> **Task instructions**
Repeat the data verbatim, images excluded.

> **Provided material**
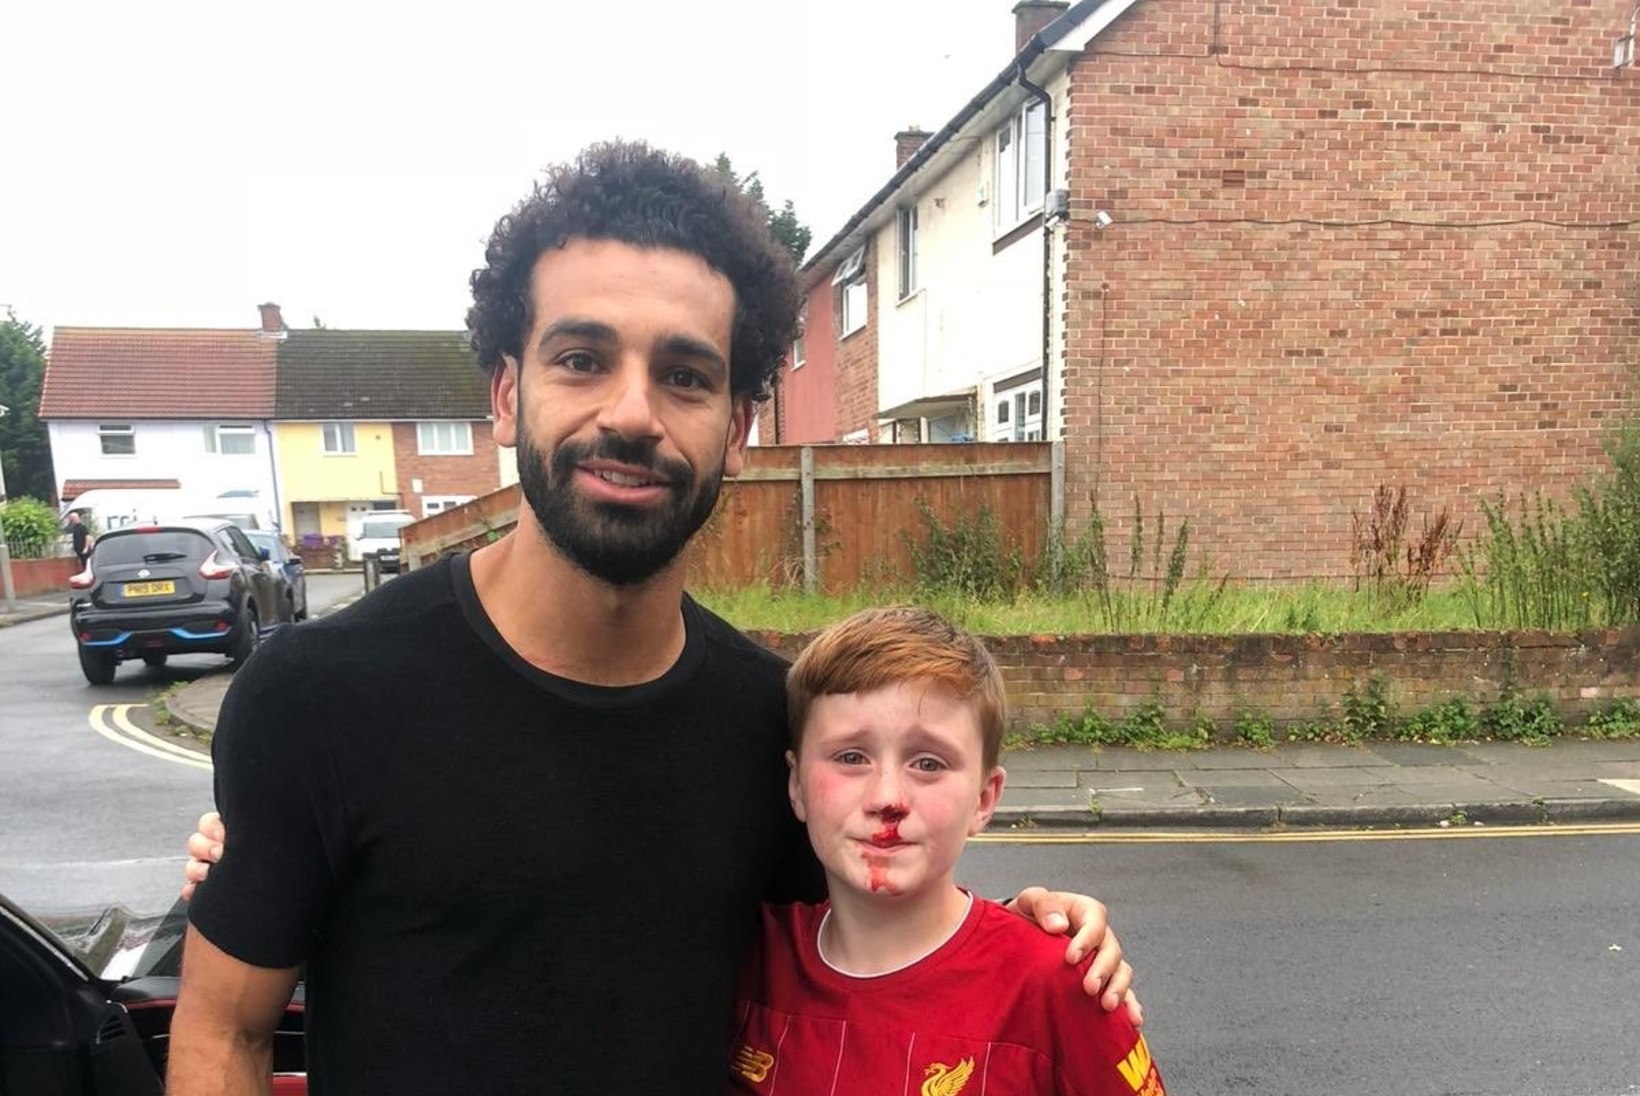 11aastane Liverpooli fänn jooksis end Salahi tähelepanu püüdes oimetuks, egiptlane vastas südamliku žestiga
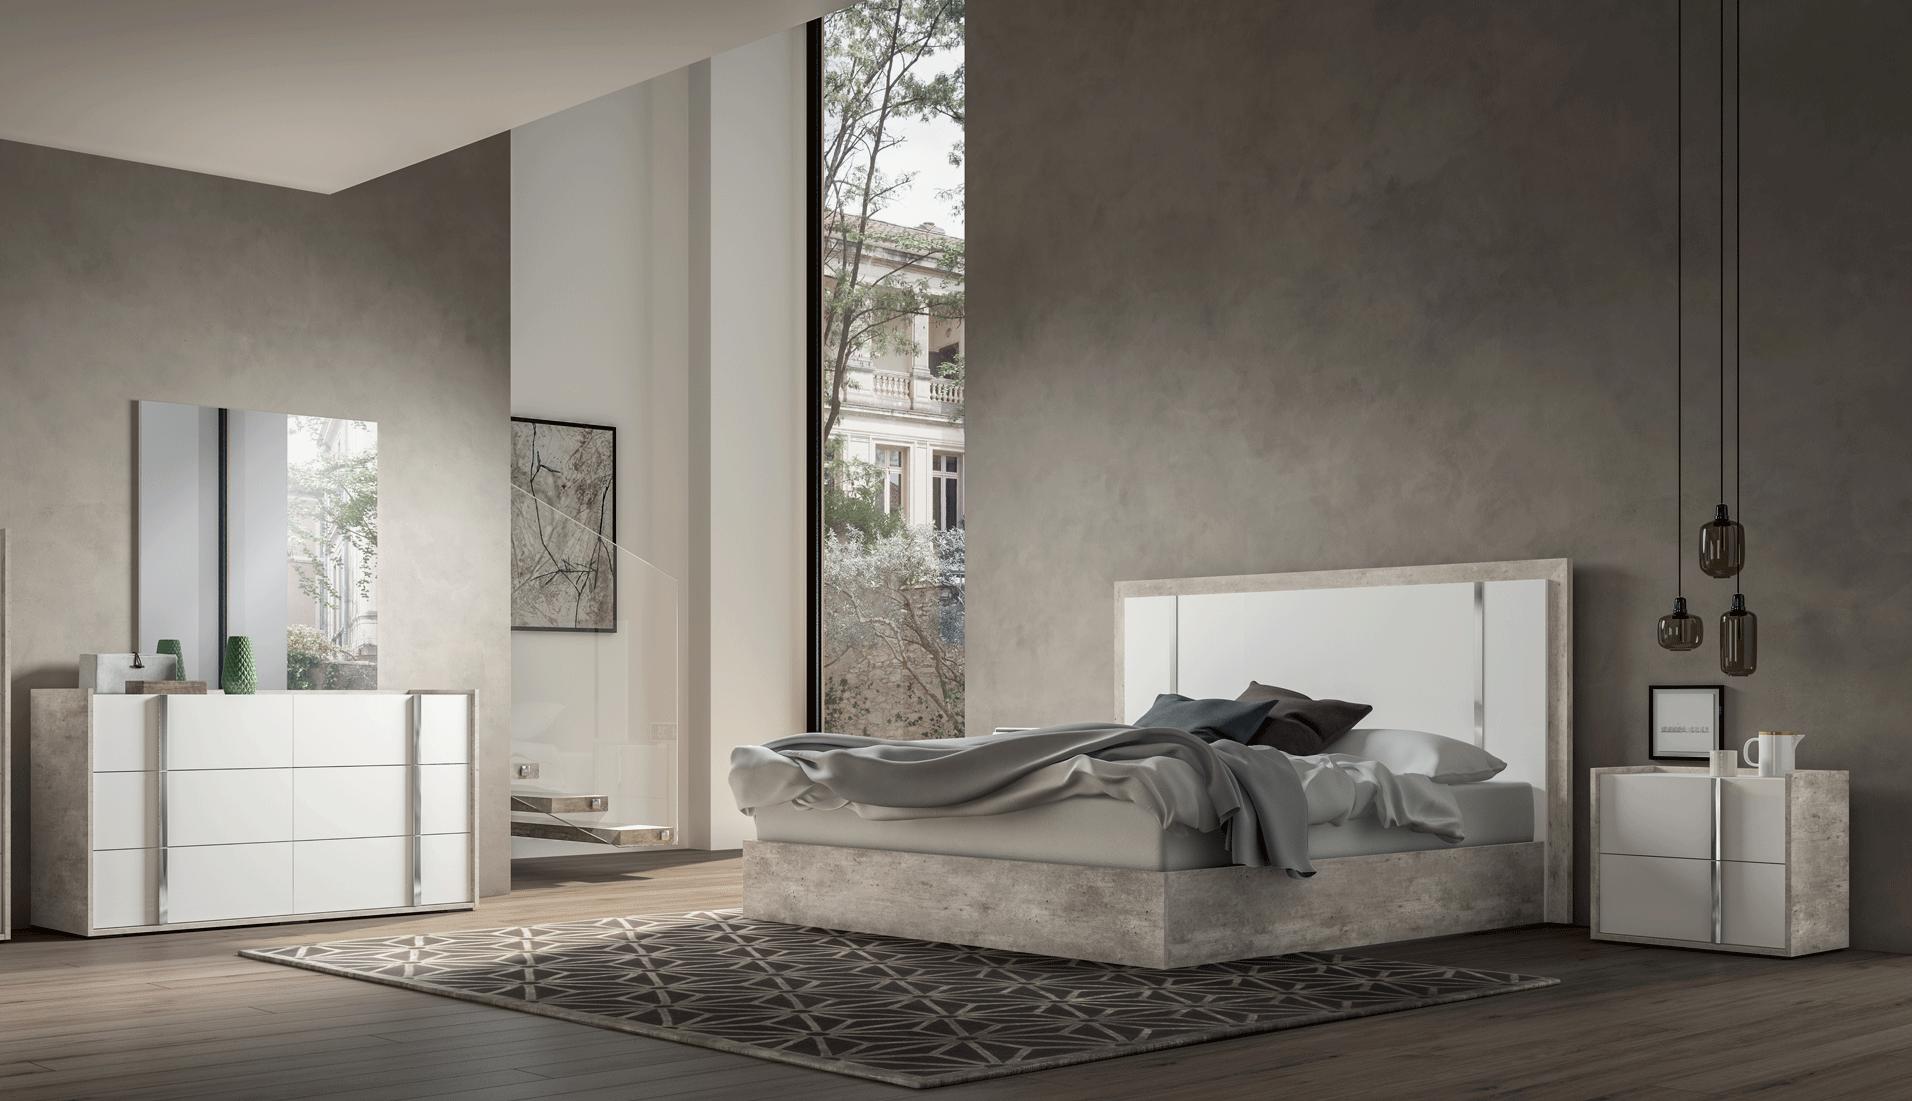 Contemporary, Modern Platform Bedroom Set Treviso Treviso-EK-2NDM-5PC in White, Gray 
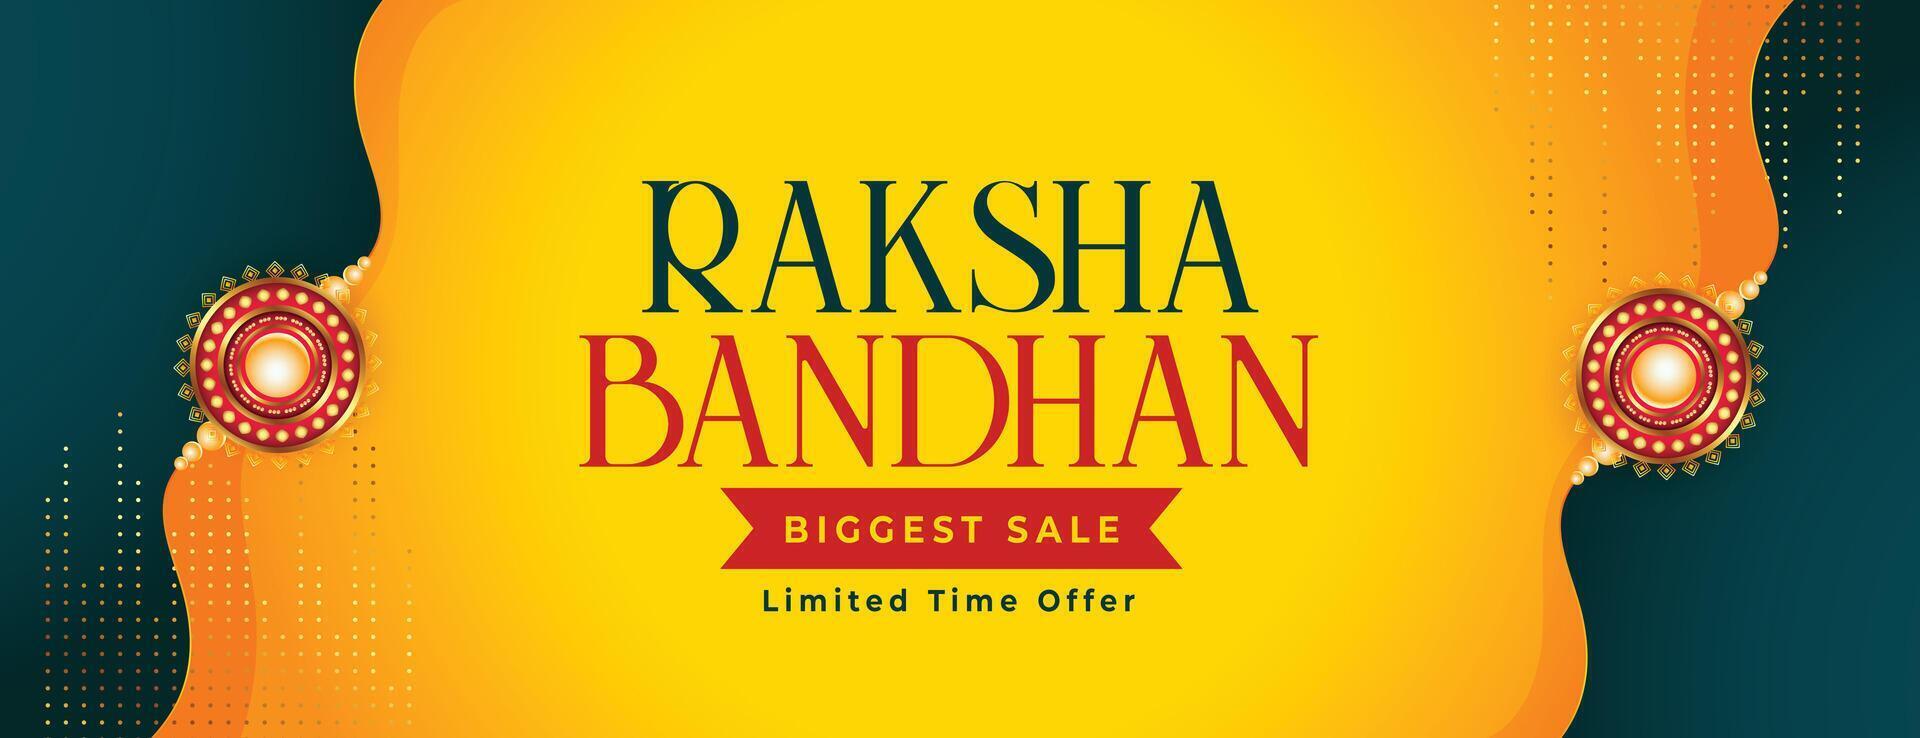 raksha bandhan beautiful sale banner design vector

> **Output for this exercise**
 11aastane Liverpooli fänn jooksis end Salahi tähelepanu püüdes oimetuks, egiptlane vastas südamliku žestiga
 Contemporary, Modern Platform Bedroom Set Treviso Treviso-EK-2NDM-5PC in White, Gray 
 raksha bandhan beautiful sale banner design vector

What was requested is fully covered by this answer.